Luong Xuan Nhi – La Famille du Pécheur. 1940.

20 décembre 2019 Non Par Jean-François Hubert

Le pécheur dit : reste avec moi.
Partageons ma pauvreté et vivons sans souci (…)
J’ai mon travail et ma sagesse, j’erre sur l’eau à ma guise, drogué d’espace.

Extrait de : Nguyen Dinh Chiêu (1822-1888)
« Luc Van Tien sauvé par le pécheur » .

Luong Xuan Nhi (1914-2006) a joué un rôle majeur dans la peinture vietnamienne du 20ème siècle. Diplômé de l’École des Beaux-Arts d’Hanoi en 1937, il fut un partisan actif de la SADEAI (« Société Annamite d’Encouragement à l’Art et à l’Industrie ») créée toujours à Hanoi en 1934.  Il fut également membre fondateur du FARTA (« Foyer de l’Art Annamite ») – avec To Ngoc Van, Tran Van Can, Le Van De et d’autres – notamment à l’origine des deux Salons organisés à Hanoi en 1943 et 1944.  

Cette grande activité sociale ne pouvait pas ne pas être traduite dans son œuvre peinte.

Luong Xuan Nhi. La famille du pécheur. 1940.
Luong Xuan Nhi. La famille du pécheur. 1940.

Peinte en 1940, La Famille du Pécheur est une œuvre extrêmement importante de l’artiste. Pour mieux la comprendre il faut faire référence à une des idéologies de l’époque issue du groupe « Tu Luc Van Doan », un mouvement littéraire créé en 1933 par Khai Hung et Nhat Linh. Leur volonté est de dépasser les idéaux tant d’une « bourgeoisie snobinarde » que d’une classe de « mandarins bigots » pour s’interroger sur les réelles difficultés économiques et intellectuelles d’une classe laborieuse essentiellement rurale.

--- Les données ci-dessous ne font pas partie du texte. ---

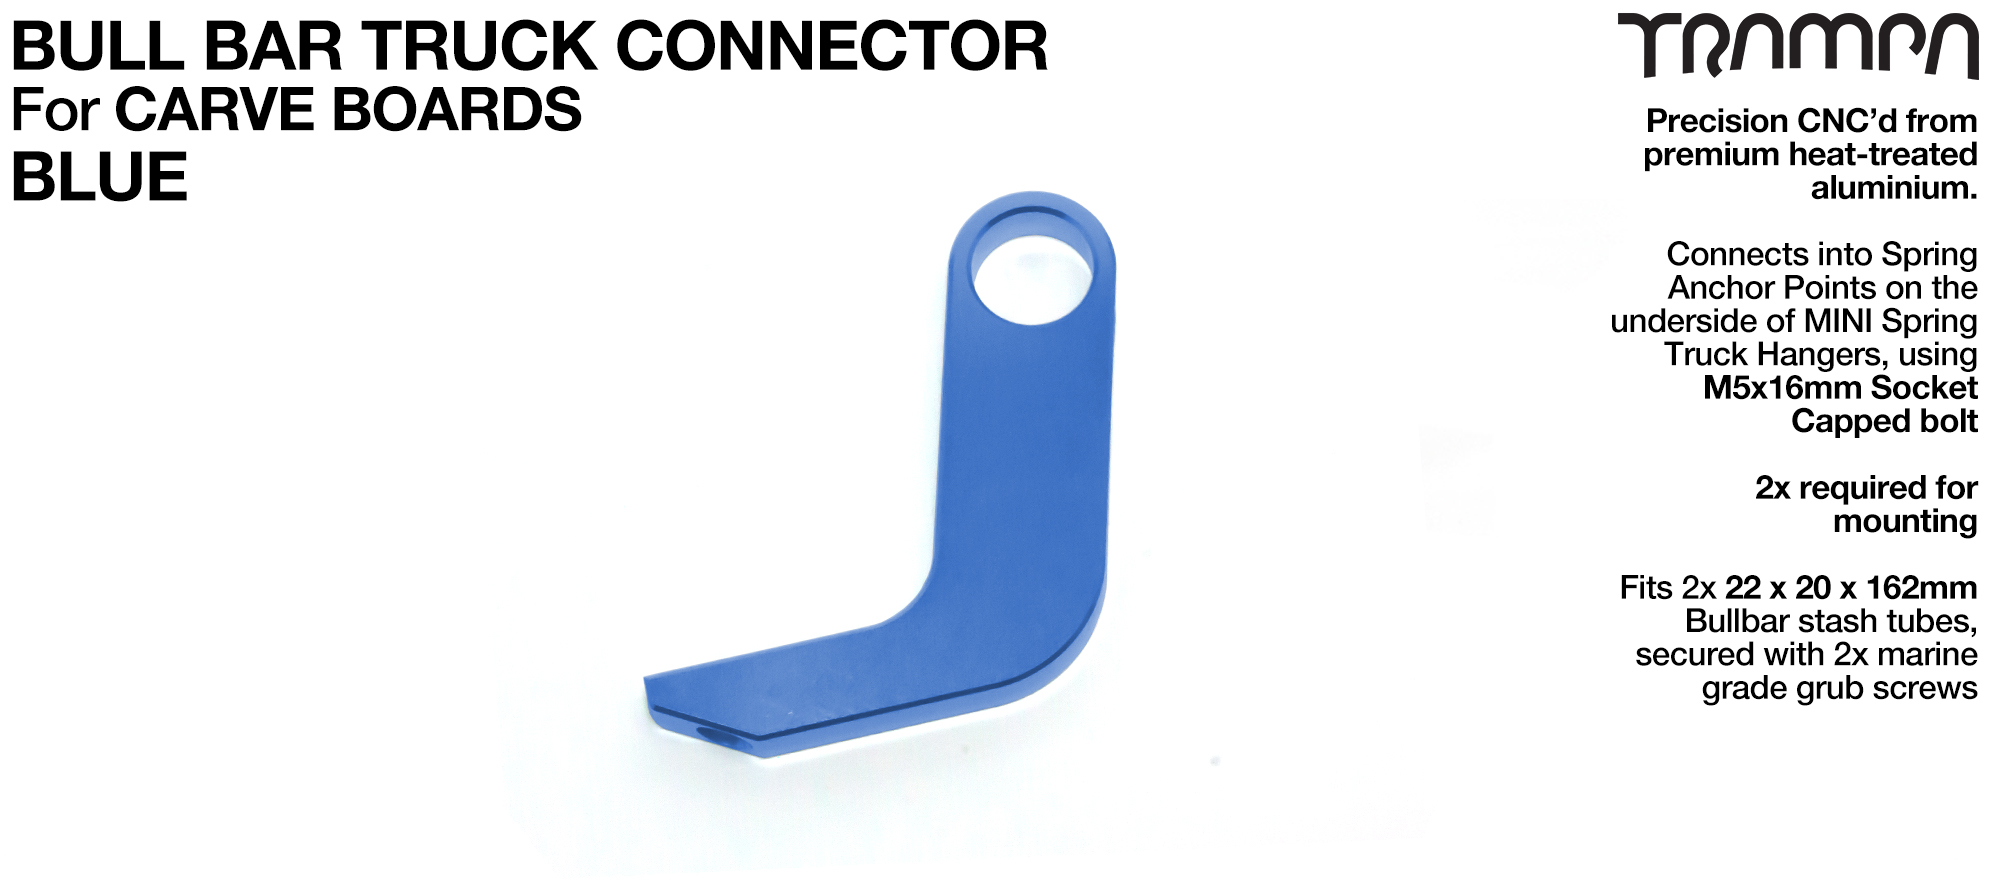 Carve Board Bull Bar connector - BLUE 
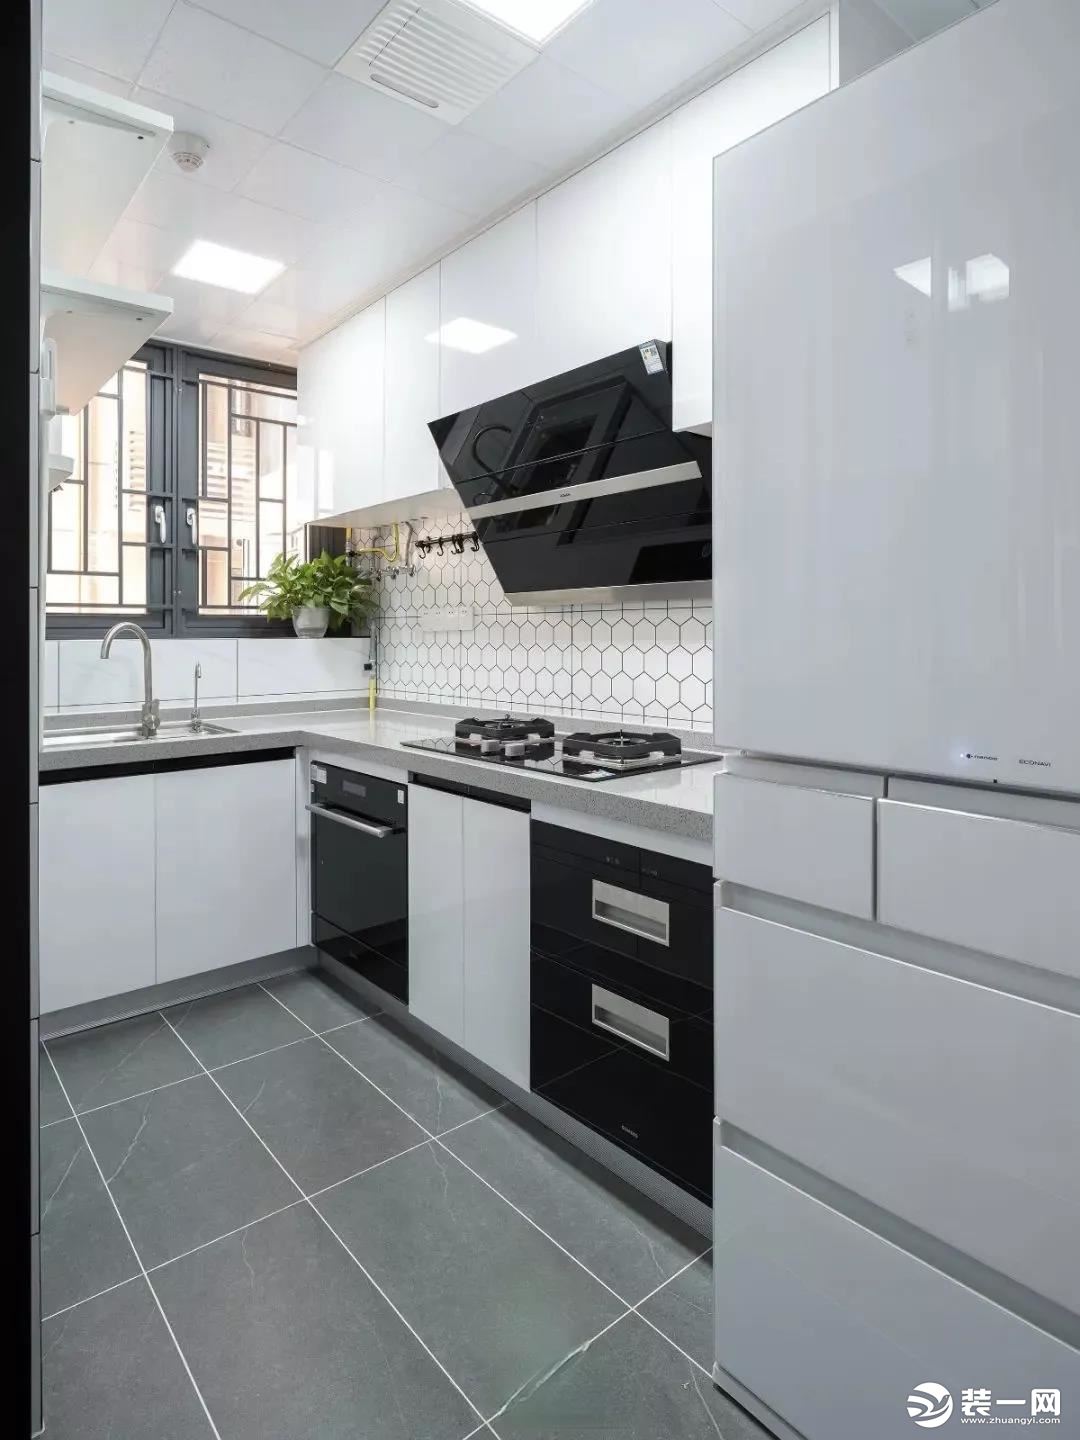 厨房将生活阳台扩进厨房，厨房面积增大。L型操作台的设计流线清晰简单。

Luong Xuan Nhi contrairement à la majorité des peintres du temps, choisit d’exprimer cette réalité plutôt que des élégantes et séduisantes femmes dans leur bel ao dai.  La réalité décrite dans notre tableau est le quotidien d’un pécheur et de sa famille menant leur vie rude loin des aléas de la vie urbaine.

Le sens du partage, celui de la famille s’imposent ici magnifiquement servis par le peintre.  L’élégance ne s’impose pas par la pose des personnages mais par le sujet lui-même.  Pour nous en convaincre – s’il en était encore nécessaire – le peintre a écrit sur sa peinture : « les vagues au soleil couchant rafraîchissent mon corps après un jour de travail ». 

À la fin des années trente, le temps est encore idéologiquement à l’observation et à l’identification.  La révolution purement communiste et singulièrement énergique aura lieu quelques années plus tard. Luong Xuan Nhi en adoptera les idées. Sa vie devient alors celle des privilégiés du régime. Ses nombreux voyages dans les « pays amis »  d’Europe de l’Est et sa constante participation aux organigrammes officiels en témoignent.